Currently, the ability to secrete EPS is widespread among microorganisms, only a few bacterial and fungal EPS have reached full commercialization, including Xanthomonas sp. for the production of xanthan, Leuconostoc sp. for the production of dextran, Aureobasidium sp. for the production of pullulan, and Bacillus sp. for levan. [10]. And B. amyloliquefaciens, a bacterium that is recognized as safe for use(GRAS) in food and pharmaceuticals, has been used to produce enzymes, antimicrobials, EPS, and poly-γ-glutamic acid [11, 12]. An EPS yield of 6.7 g/L was recorded for B. amyloliquefaciens 23,350 grown on mineral base-medium with added yeast extract, but the conversion yield was only 0.05 g/g sucrose [13]. However, because the biosynthetic mechanism of EPS is unclear, further increasing EPS production by B. amyloliquefaciens is challenging.

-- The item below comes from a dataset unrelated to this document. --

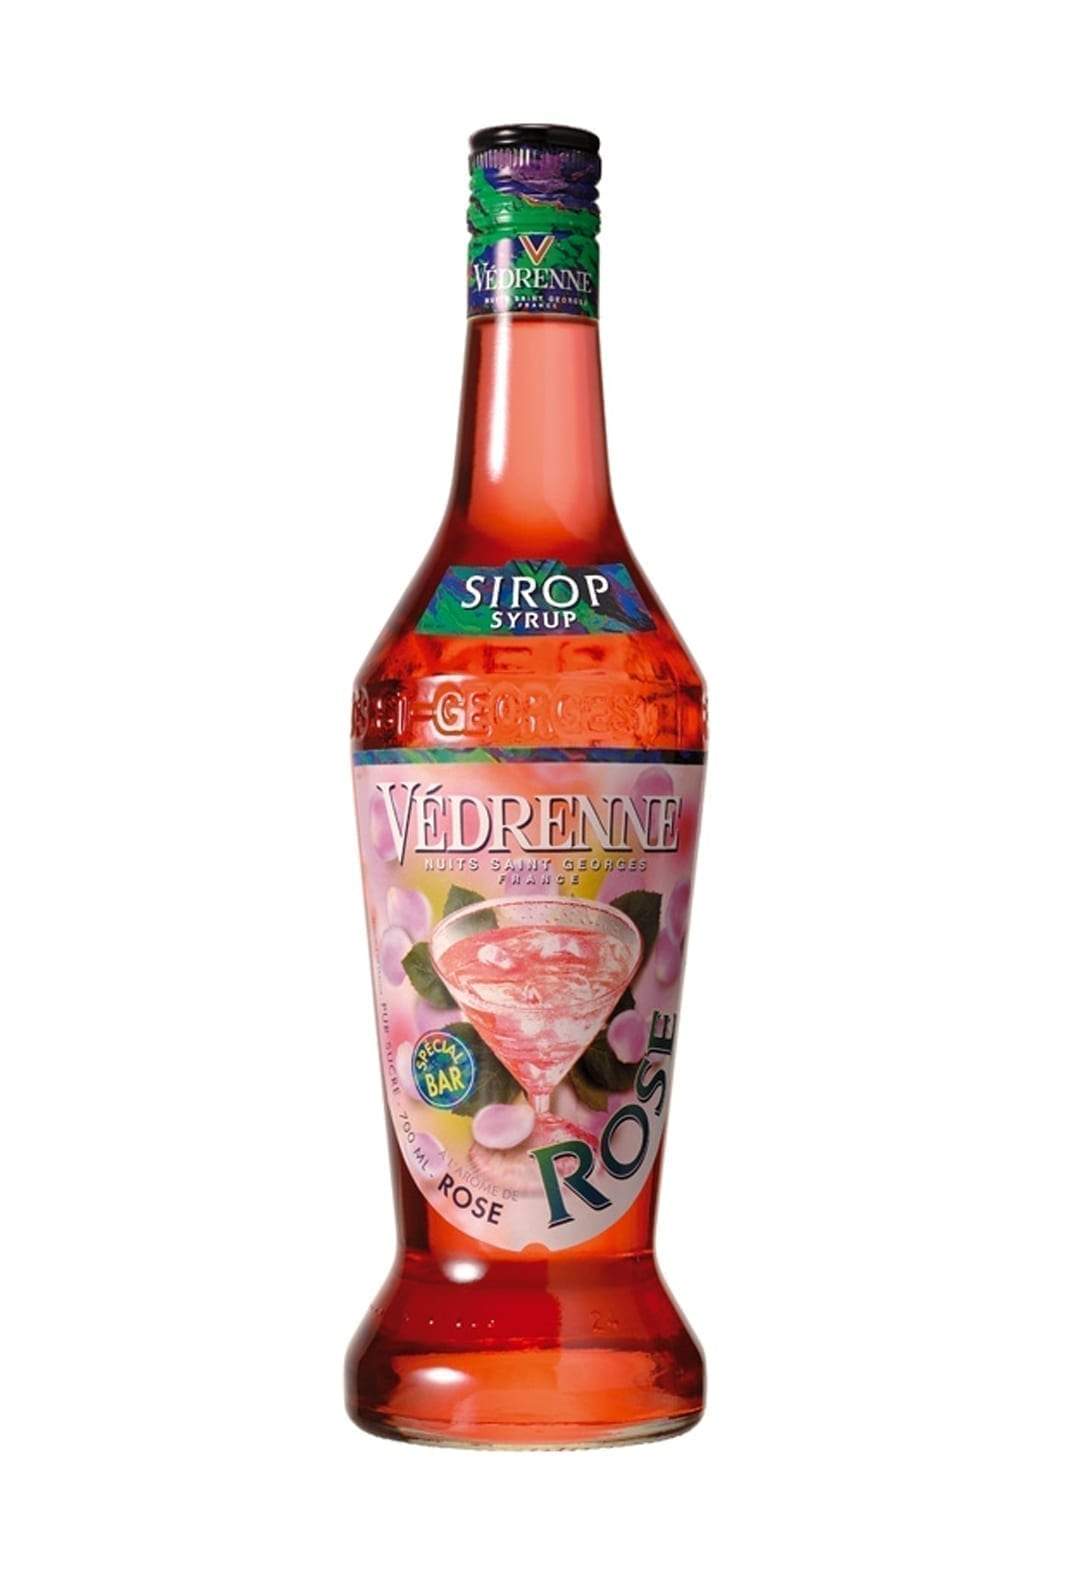 Vedrenne Sirop de Rose (Rose cordial) 1000ml | Syrup | Shop online at Spirits of France

With the development of whole genome sequencing technology, the use of whole genome sequencing has become an important method to give an overview of the metabolic potential. For example, the whole genome of Lactobacillus paracasei TD062 was sequenced to predict the utilization of sugar sources and the metabolic pathways associated with the synthesis of nucleotide sugars, based on the results, the carbon source was optimized to enhance the activity of key enzymes in the synthesis pathway, while increasing EPS production and altering the EPS composition [14]. Currently, mutagenesis, culture medium optimisation, and other methods are commonly used to increase EPS production, and research on increasing EPS production by genetic engineering is limited by the lack of a comprehensive study of the process of the EPS biosynthetic pathway. Therefore, clarification of the EPS synthesis pathway by whole genome sequencing could lay a foundation for subsequent genetic engineering of strains to improve yields.

In this study, B. amyloliquefaciens D189, a high EPS-producing bacteria, was screened from Guangxi Liupao tea. To further clarify the EPS biosynthesis pathway, the whole genome of D189 was sequenced, annotated using various databases, and the general features and EPS biosynthesis mechanism were revealed at the gene level, including sugar transport system, carbohydrate-active enzymes, and nucleotide sugar biosynthetic pathway genes. In addition, the safety of D189 was evaluated based on genomic and phenotypic analysis. Whole genome sequencing preliminarily elucidated the physiological mechanism of this high-level microbial EPS producer, providing several pathways for engineering D189 to further enhance EPS yield.

Materials and Methods

Bacterial Strain and Growth Conditions

B. amyloliquefaciens D189 was isolated from Liupao tea in Guangxi and preserved in our laboratory. The lysogeny broth medium (LB) used for seed culture of D189 consisted of (g/L): tryptone 10.0, yeast extract 5.0, and NaCl 10.0. Fermentation medium consisted of (g/L): carbon source 20.0, yeast extract 5.0, and NaCl 10.0. During EPS fermentation, the seed culture was prepared by inoculating a single colony in LB for 24 h. Subsequently, 5% (v/v) of seed culture was transferred into fermentation medium for fermentation at 30 °C and 200 rpm for 48 h.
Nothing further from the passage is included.